Secondly, have a shared purpose with both employees and customers. Your purpose is what holds everything together, especially through turbulent times. Successful organisations create environments where choices are made based on the purpose – Brian Bacon of the Oxford Leadership uses McDonald’s to demonstrate this. Facing difficult times in the early 2000s, McDonald’s share price dropped 70 per cent in nine months. The new chief executive, Charlie Bell, put a strong purpose to work within the organisation, which was to “become the solution” in everything they did. Tackling staff turnover was one area they put this to work.

At the time, McDonald’s had 1.6 million employees but a staggering turnover of 76 per cent. The goal was to get that below 40 per cent. Senior executives asked, “how do we get people to stay?” A very difficult task when McDonald’s employs more young people starting out than almost any other institution. Bell challenged them to think differently by leveraging their purpose. He put forward an idea; rather than trying to convince people to stay, McDonald’s should instead put a policy in place whereby people would leave a better person than when they joined.

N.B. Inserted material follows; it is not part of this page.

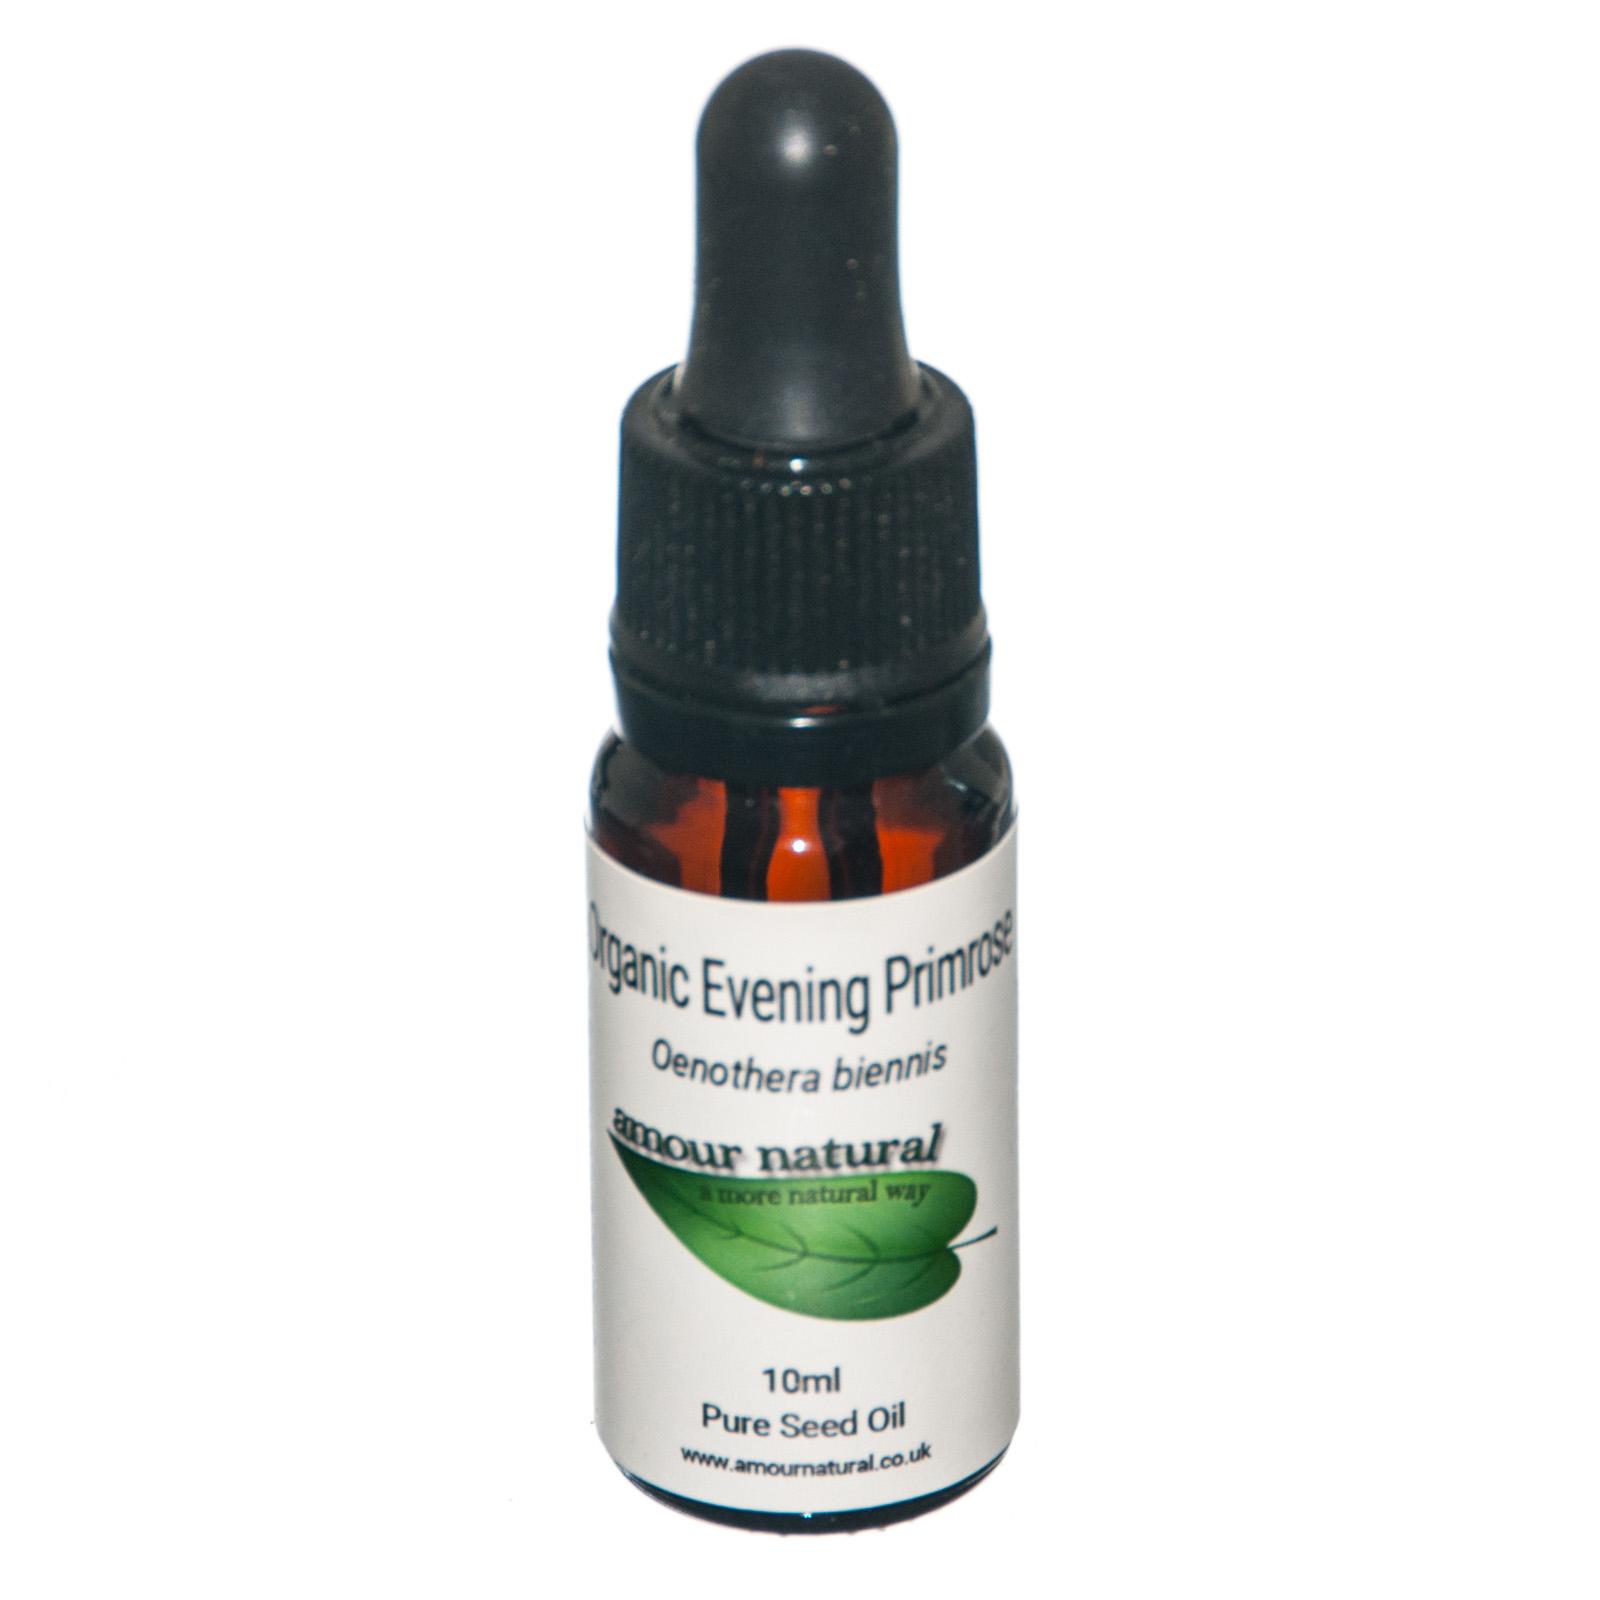 Organic Evening Primrose Oil 10ml

That opened a whole host of positive actions, such as career advice and money-management training, among a host of other things. Resultantly, in a two-year period staff turnover reduced from 76 per cent to 34 per cent. Put your purpose to work in your organisation.

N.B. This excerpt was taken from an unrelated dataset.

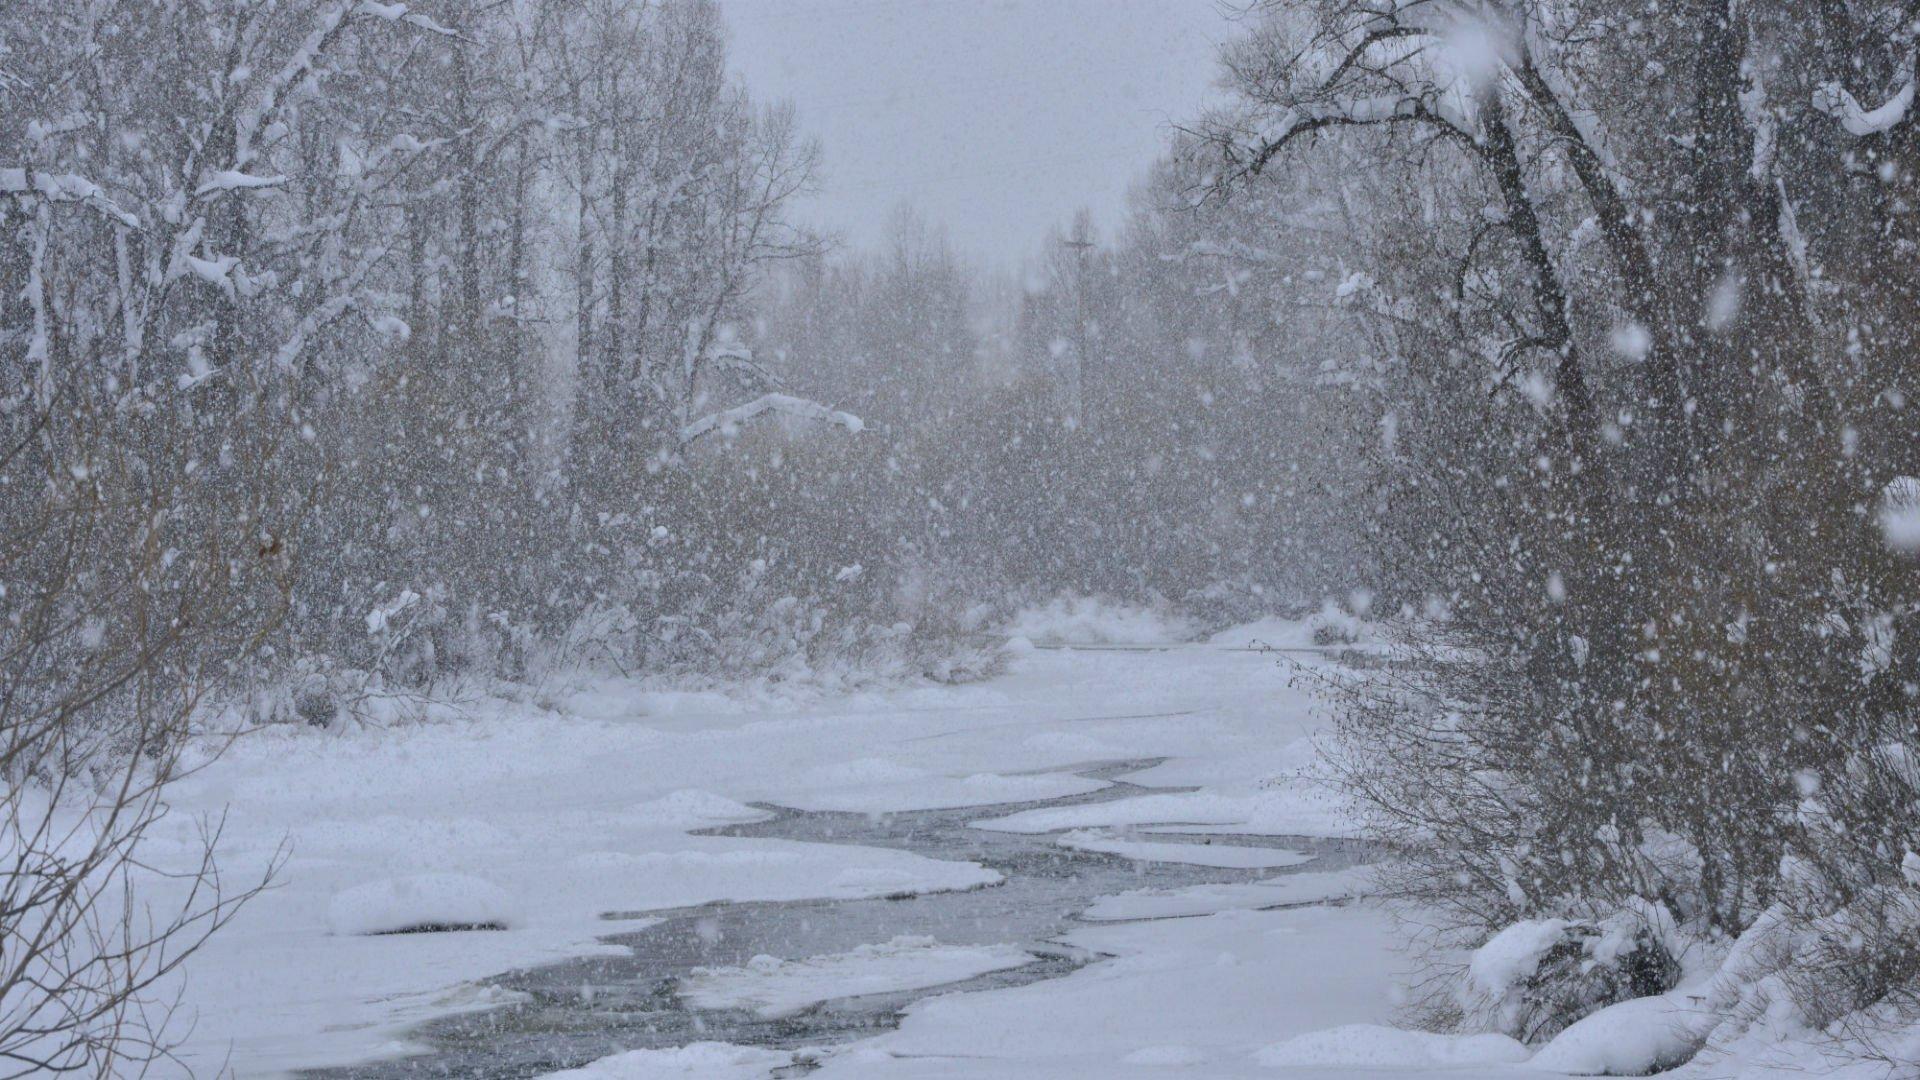 STORM weather rain sky clouds nature winter snow river ...

How you make money now is not how it will be in the future

The third thing is that companies need to redefine how they compete, and how they create and capture value. Sunil Gupta spoke last year about how technology is changing business models. The example he gave was Best Buy in the US. The company had become the showroom for Amazon. People would go instore, look at the TVs, have a great experience and then take out their mobile and buy it on Amazon. Clearly, they needed to arrest the impact this was having on sales. They couldn’t simply discount to compete on price, because their cost base was higher than Amazon’s due to having physical retail stores.

What they realised was that there was an inherent value for the likes of Samsung in Best Buys’ survival. These types of companies don’t have their own stores where people can go in and test the product; they’re reliant on Best Buy to provide that. So Best Buy started charging Samsung and other product owners for space in their stores. Samsung doesn’t care if people buy it in Best Buy or on Amazon, but what they do care about, and are willing to pay for, is a showroom where people can compare their products to their competitors. Now Best Buy has stores within the store, with lots of new technologies to attract more customers in. Best Buy went from losing $1.2 billion in 2012 to making $1.2 billion in 2017. It’s a great example of thinking differently about how to create and capture value.

Putting theory into practice

It’s not about having all the answers. The reality is that in setting off on a long-term strategy, you’re only going to see the first few months clearly. As you make your way through those, the next few months will appear clear and obvious. The important thing is to create conditions that allow your organisation to have a long-term perspective. Create a space for thinking and value the contribution it can make to the long-term prospects of the business. Have a clear purpose and use that to determine the decisions you make for both employees and customers. Finally, embrace new business models. Challenge you and your senior leaders to think differently about how the business can create and capture value.